И здесь пост связывается с этими духовными и внутренними задачами, которые так не похожи на мирскую жизнь. Мы потому и чувствуем, что пост стал ненужным, стал каким-то надоедливым, профессиональным, поповским требованием; как будто бы старый заученный урок говорят они о том, что нужно поститься, а христианин не чувствует зачем. Для того, чтобы жить так, как мы живем, он и не нужен! Для этого совсем не требуется ни воздержания, ни поста. Но вот, когда святые подвижники, которых мы ныне вспоминаем, говорят нам о том, что определяет пост, какую он жизнь создает, мы тогда понимаем, зачем нужны посты.

Святой Кирилл Александрийский (422 г.) говорит:

«Если другие живут, чтобы есть – то мы будем есть для того, чтобы жить».

Святой Кирилл Александрийский противопоставляет с полной ясностью эти два мира – в этом вопросе они, как и во всем, противоположны друг другу.
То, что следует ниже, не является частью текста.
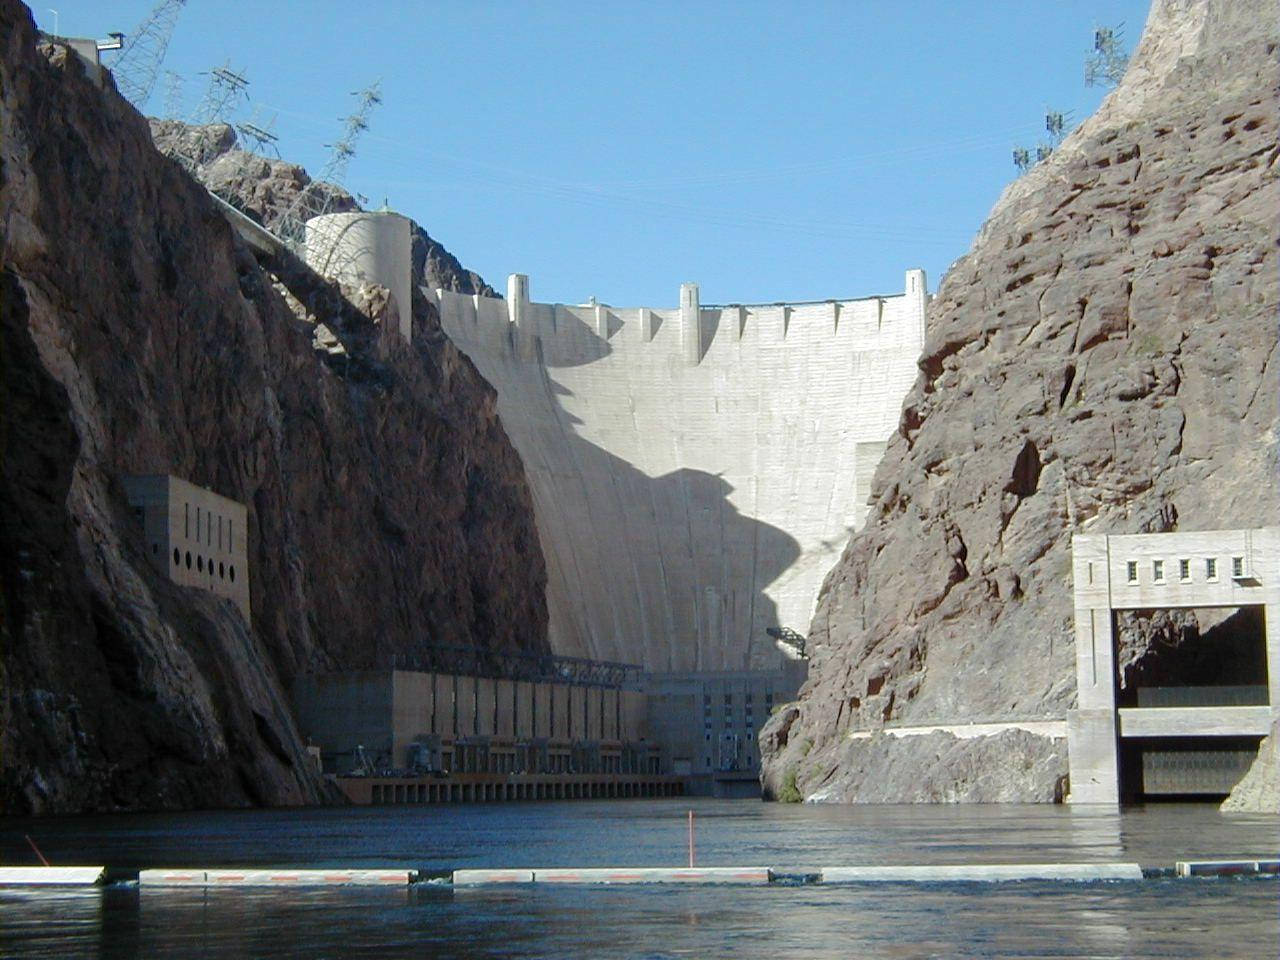 Imponentehoover Dam Visto Magnificamente Al Tramonto. Sfondo

Зачем живут люди в мире? Для того, чтобы есть, ибо другого высшего смысла, по их пониманию, жизнь не имеет. Отринув от себя Господа, отрекшись от своего высшего человеческого достоинства, низведя себя в плоскость общую со всем животным миром, не признавая бессмертия своего – во что превратил себя человек? Что есть жизнь его, как не чередование мелькающих дней, в которые человек ест, пьет и размножается, т. е. делает все то, что делает всякий зверь. Но мы, говорит святой Кирилл, будем есть для того, чтобы жить, т. е. мы будем есть для того, чтобы поддержать свое материальное, физическое бытие и этим дать возможность совершаться в нас высшей духовной жизни. Люди мирские живут для того, чтобы есть, а мы, христиане, должны есть только для того, чтобы жить истинной духовной жизнью.

Преподобный Исаак Сирин, живший в VII веке, говорит:

«Кто нерадит о посте, тот приводит в колебание все доброе».

Вот разгадка для понимания нашего расшатанного духа – оказывается нельзя безнаказанно так пренебрегать церковными уставами, церковными правилами, думая, что это шутка, думая, что это пустяки, что можно все это оставить и жить «по-человечески». Оказалось совсем не так, оказалось, что плоды-то выросли страшные, горькие от этого нарушения церковных законов. Оказалось, что кто нерадит о посте, а таковыми стали почти все, – тот приводит в колебание все доброе в себе.

Преподобный Симеон Новый Богослов (1052 г.) говорит:

«Пост есть начало и основание всякого духовного делания».

Вот потому-то с недоумением и спрашивают: зачем нужен пост? Это недоумение вполне понятно. Церковь говорит о необходимости поста, имея в виду духовную жизнь человека, а вопрошающий недоумевает, зачем нужен пост, имея пред собою совершенно мирскую жизнь. Если хочешь жить этой мирской жизнью, тогда тебе нужны кинематографы, а не посты, а если хочешь жизни церковной, молитвенной, ведущей нас к вечной жизни и спасению, тогда не удивляйся, не недоумевай, зачем нужен пост. Святые Отцы на это отвечают: «Пост есть начало и основание всякого духовного делания».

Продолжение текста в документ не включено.